▶ **GOAL OF THE EXERCISE**
Exact copies of all the lines below are required, with the pictures omitted.

START DATASET EXTRACT

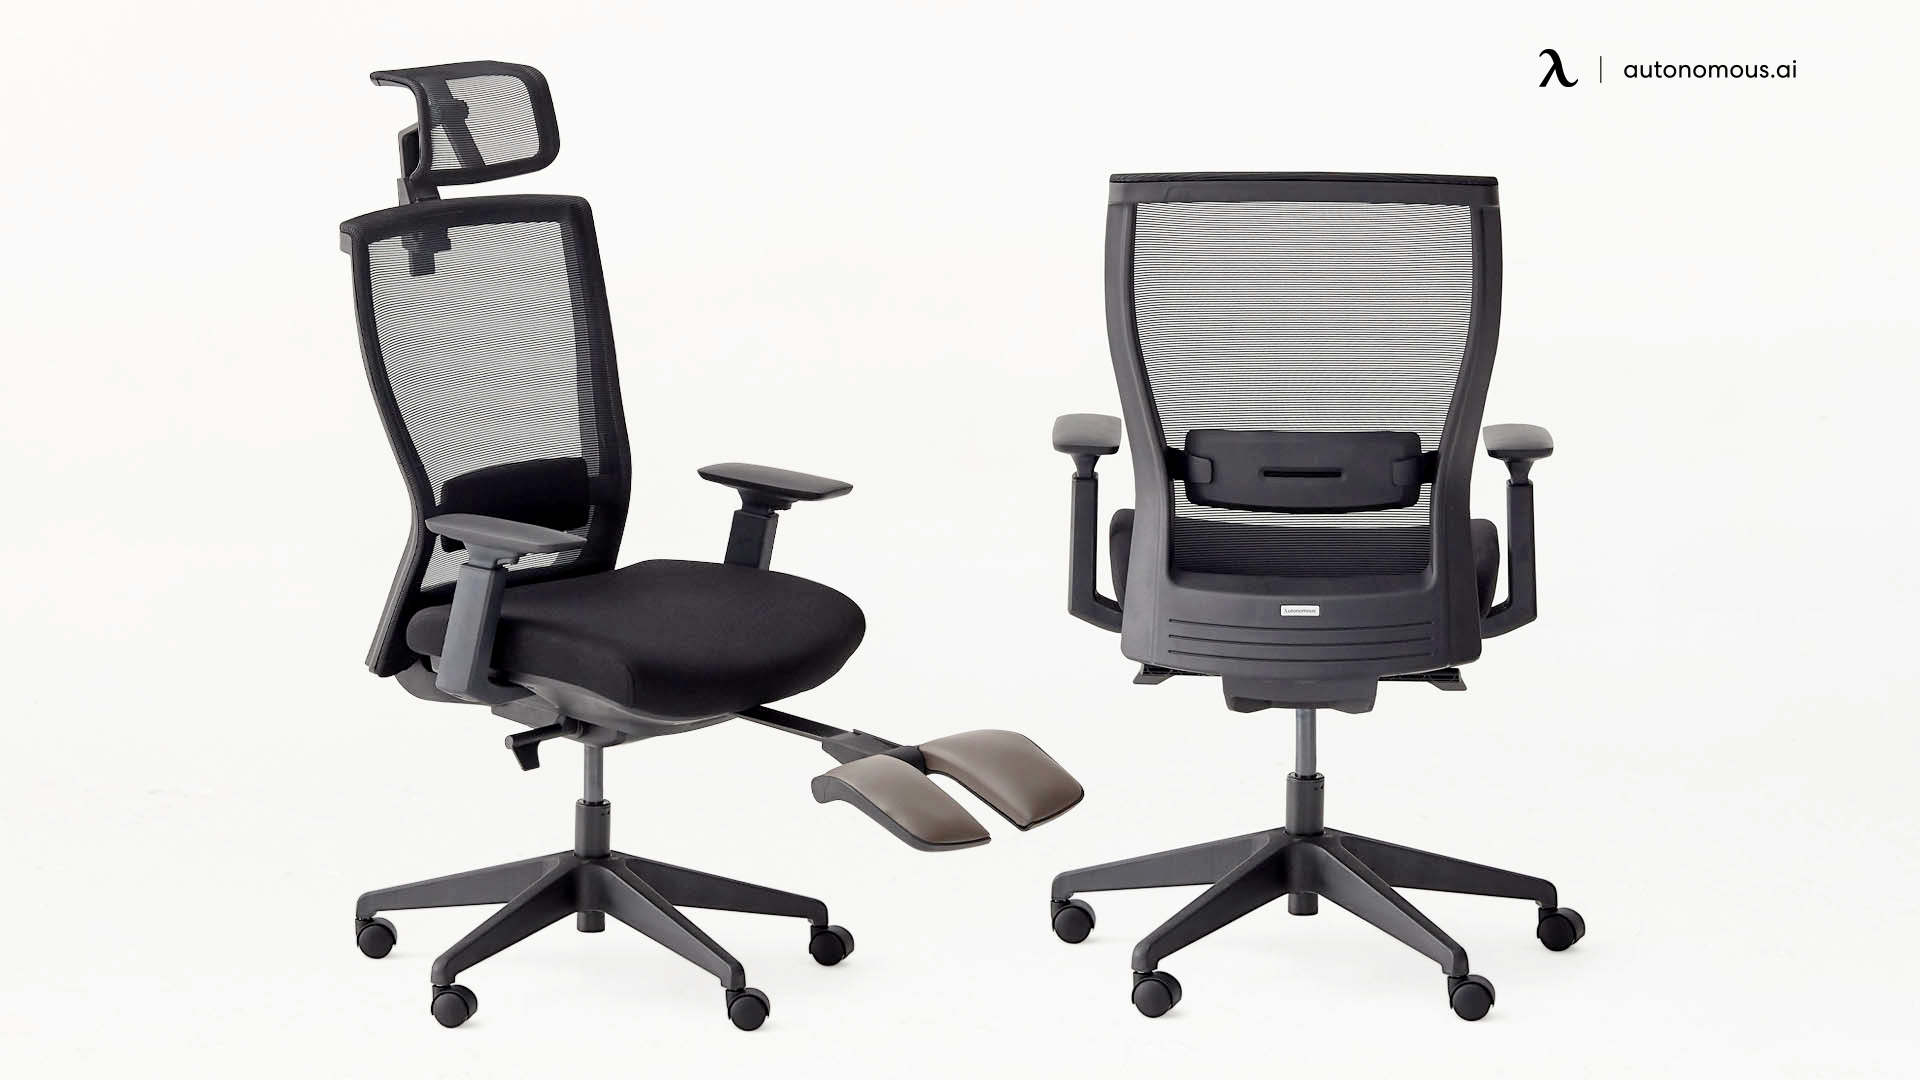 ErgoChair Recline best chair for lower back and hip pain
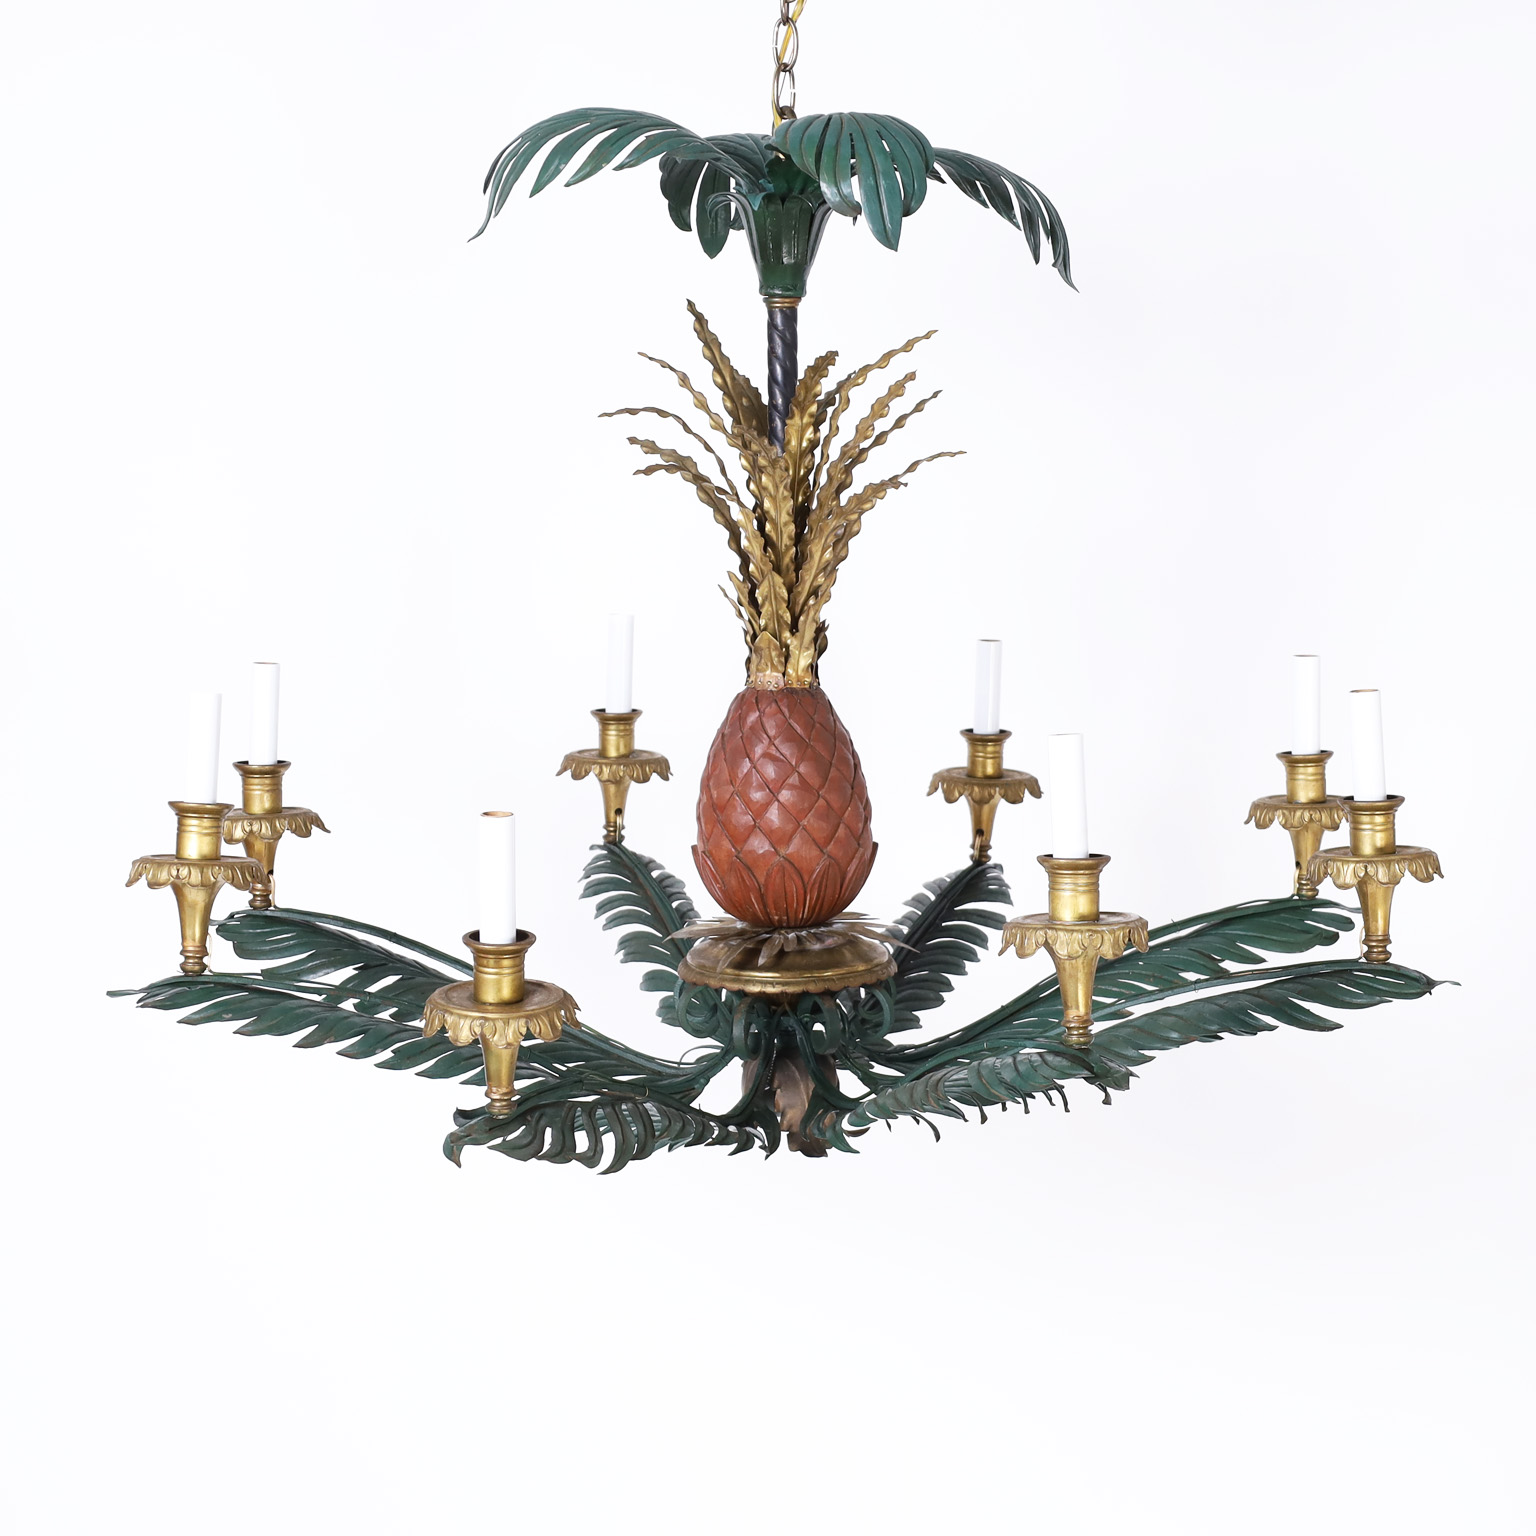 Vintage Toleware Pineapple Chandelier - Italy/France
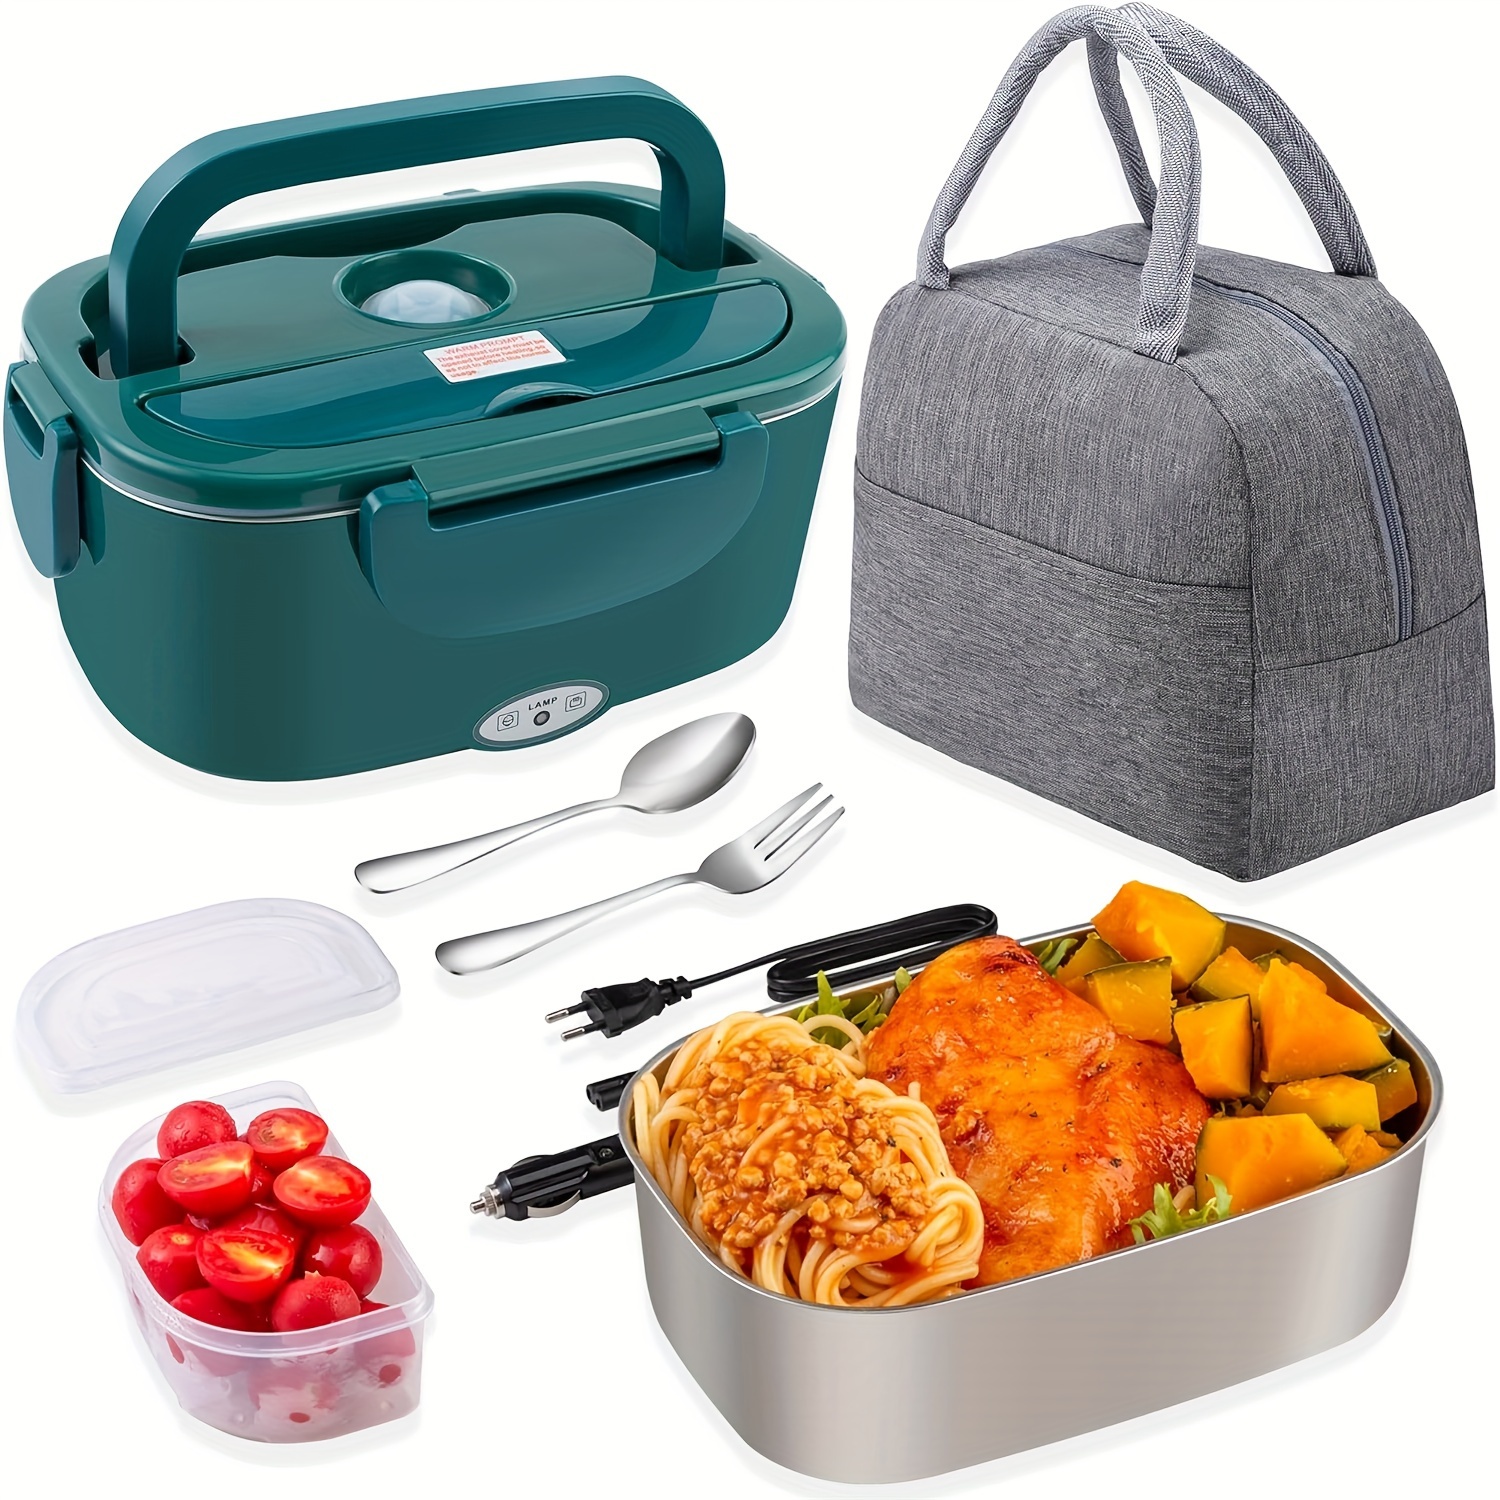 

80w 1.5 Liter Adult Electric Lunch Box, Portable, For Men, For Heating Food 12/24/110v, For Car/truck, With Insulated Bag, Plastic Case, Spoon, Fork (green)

END DATASET EXTRACT

▶ **WRITTEN RESPONSE**
 ErgoChair Recline best chair for lower back and hip pain
 Vintage Toleware Pineapple Chandelier - Italy/France

80w 1.5 Liter Adult Electric Lunch Box, Portable, For Men, For Heating Food 12/24/110v, For Car/truck, With Insulated Bag, Plastic Case, Spoon, Fork (green)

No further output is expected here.